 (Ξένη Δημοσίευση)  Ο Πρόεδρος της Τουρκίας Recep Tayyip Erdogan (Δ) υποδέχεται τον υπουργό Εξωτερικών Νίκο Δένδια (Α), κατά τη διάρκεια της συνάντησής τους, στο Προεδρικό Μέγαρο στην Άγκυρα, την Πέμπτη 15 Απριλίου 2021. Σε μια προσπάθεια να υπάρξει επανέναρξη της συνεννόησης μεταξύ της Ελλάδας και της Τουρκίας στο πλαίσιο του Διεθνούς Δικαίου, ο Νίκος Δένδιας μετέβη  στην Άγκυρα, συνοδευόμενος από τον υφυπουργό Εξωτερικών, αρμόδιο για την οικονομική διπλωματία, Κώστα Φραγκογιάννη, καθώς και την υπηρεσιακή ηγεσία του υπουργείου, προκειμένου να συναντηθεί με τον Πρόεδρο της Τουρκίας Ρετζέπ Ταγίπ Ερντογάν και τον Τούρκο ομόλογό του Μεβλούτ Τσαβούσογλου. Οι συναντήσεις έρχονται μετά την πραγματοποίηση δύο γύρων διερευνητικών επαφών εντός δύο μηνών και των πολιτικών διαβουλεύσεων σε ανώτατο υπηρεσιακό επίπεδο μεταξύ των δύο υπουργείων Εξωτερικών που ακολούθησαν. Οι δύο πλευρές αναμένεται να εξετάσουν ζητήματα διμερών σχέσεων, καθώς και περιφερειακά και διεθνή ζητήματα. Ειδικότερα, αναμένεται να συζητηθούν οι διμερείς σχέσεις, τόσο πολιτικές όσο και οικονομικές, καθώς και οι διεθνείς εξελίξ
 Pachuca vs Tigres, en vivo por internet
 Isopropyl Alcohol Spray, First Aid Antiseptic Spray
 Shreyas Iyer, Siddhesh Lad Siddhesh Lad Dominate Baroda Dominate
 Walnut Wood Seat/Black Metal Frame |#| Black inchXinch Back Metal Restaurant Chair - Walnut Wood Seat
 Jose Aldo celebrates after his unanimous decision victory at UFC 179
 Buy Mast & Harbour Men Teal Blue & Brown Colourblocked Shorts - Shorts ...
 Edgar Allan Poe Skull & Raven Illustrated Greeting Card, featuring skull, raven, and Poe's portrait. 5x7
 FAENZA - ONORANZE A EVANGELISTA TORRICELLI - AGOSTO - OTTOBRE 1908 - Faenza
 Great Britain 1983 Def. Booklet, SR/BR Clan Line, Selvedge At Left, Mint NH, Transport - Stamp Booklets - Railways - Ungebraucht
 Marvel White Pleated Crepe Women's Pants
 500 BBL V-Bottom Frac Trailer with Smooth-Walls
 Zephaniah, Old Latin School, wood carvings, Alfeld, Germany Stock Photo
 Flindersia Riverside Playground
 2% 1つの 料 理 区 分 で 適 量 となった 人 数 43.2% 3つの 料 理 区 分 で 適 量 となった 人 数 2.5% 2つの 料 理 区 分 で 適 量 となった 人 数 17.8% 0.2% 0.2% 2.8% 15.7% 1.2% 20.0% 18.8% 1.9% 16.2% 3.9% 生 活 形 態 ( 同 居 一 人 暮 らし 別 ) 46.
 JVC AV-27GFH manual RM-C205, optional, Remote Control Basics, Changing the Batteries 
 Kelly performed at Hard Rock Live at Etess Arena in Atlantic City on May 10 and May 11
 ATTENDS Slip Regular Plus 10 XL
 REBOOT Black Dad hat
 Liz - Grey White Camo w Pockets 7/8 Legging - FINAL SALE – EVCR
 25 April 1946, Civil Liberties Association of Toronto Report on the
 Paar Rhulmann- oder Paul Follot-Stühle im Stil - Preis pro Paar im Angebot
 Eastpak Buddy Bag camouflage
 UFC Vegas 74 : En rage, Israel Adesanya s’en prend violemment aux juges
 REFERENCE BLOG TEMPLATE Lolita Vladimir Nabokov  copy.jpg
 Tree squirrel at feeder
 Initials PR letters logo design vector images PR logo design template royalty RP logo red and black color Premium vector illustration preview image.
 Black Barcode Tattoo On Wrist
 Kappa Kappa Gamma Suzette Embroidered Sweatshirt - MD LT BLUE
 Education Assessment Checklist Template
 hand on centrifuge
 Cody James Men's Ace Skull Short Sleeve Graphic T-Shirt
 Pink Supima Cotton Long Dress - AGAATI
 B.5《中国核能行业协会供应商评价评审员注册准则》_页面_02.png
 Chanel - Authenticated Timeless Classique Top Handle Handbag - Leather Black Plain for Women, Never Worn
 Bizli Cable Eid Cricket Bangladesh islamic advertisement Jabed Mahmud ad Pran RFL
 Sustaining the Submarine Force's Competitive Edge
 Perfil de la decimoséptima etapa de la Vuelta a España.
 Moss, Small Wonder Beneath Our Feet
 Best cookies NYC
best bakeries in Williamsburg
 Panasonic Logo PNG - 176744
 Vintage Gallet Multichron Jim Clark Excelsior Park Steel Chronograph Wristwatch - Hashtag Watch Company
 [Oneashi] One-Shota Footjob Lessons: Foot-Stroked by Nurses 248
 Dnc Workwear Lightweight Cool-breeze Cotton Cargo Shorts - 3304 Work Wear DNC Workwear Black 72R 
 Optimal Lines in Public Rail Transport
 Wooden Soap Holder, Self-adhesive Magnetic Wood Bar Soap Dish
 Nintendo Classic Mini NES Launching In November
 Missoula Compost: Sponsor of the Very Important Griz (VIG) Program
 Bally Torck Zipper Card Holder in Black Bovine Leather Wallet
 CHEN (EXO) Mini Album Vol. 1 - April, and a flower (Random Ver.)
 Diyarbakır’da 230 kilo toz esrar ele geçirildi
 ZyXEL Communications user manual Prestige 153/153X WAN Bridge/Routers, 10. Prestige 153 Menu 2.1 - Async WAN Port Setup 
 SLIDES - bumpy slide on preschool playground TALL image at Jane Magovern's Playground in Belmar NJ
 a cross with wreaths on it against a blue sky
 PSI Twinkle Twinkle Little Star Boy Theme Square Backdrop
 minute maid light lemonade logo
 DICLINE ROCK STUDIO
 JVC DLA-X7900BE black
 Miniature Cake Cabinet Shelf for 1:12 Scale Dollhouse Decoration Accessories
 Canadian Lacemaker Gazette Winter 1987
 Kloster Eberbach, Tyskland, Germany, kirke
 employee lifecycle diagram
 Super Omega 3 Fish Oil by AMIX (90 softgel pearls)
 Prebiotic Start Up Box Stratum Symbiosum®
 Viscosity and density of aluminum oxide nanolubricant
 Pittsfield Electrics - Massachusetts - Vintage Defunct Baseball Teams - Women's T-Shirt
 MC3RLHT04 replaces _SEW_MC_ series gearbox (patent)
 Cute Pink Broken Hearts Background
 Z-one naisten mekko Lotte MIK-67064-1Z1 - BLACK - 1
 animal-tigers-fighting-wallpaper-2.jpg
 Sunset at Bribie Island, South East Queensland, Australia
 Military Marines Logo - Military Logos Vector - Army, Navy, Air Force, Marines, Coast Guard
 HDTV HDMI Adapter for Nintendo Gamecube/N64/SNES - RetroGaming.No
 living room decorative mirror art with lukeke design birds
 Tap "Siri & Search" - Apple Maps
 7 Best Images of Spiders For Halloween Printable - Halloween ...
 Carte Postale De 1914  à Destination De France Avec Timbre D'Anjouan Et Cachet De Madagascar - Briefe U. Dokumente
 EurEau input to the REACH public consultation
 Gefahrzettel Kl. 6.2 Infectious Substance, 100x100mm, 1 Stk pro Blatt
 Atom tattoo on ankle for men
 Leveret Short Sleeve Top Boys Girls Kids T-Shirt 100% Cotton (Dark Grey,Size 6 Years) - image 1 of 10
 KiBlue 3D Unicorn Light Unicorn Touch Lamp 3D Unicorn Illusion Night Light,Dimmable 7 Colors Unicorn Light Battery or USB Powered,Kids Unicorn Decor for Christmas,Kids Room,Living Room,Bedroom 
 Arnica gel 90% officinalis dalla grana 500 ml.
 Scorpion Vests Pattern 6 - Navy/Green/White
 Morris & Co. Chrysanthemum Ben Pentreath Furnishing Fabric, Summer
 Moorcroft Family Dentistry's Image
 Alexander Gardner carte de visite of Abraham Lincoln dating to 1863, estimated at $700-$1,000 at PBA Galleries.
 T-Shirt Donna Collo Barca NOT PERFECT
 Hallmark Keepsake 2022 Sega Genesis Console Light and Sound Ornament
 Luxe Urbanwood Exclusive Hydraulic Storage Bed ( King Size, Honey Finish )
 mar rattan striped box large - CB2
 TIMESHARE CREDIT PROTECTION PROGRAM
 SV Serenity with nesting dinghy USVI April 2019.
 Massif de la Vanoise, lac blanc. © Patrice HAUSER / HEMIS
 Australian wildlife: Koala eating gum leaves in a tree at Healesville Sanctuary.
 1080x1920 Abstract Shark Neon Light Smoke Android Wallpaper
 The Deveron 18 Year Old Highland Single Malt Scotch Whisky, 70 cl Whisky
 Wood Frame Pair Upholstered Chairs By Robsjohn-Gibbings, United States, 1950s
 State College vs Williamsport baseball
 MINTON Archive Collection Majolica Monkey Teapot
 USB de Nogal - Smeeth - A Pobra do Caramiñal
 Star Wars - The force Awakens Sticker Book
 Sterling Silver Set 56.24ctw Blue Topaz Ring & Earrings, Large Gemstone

========================================================================

• _Work required_
Whatever else the listing above holds, retype exactly only the lines from the one containing "[Oneashi] One-Shota Footjob" to the one containing "Canadian Lacemaker Gazette Winter 1987", both ends kept.

• _Exercise answer_
 [Oneashi] One-Shota Footjob Lessons: Foot-Stroked by Nurses 248
 Dnc Workwear Lightweight Cool-breeze Cotton Cargo Shorts - 3304 Work Wear DNC Workwear Black 72R 
 Optimal Lines in Public Rail Transport
 Wooden Soap Holder, Self-adhesive Magnetic Wood Bar Soap Dish
 Nintendo Classic Mini NES Launching In November
 Missoula Compost: Sponsor of the Very Important Griz (VIG) Program
 Bally Torck Zipper Card Holder in Black Bovine Leather Wallet
 CHEN (EXO) Mini Album Vol. 1 - April, and a flower (Random Ver.)
 Diyarbakır’da 230 kilo toz esrar ele geçirildi
 ZyXEL Communications user manual Prestige 153/153X WAN Bridge/Routers, 10. Prestige 153 Menu 2.1 - Async WAN Port Setup 
 SLIDES - bumpy slide on preschool playground TALL image at Jane Magovern's Playground in Belmar NJ
 a cross with wreaths on it against a blue sky
 PSI Twinkle Twinkle Little Star Boy Theme Square Backdrop
 minute maid light lemonade logo
 DICLINE ROCK STUDIO
 JVC DLA-X7900BE black
 Miniature Cake Cabinet Shelf for 1:12 Scale Dollhouse Decoration Accessories
 Canadian Lacemaker Gazette Winter 1987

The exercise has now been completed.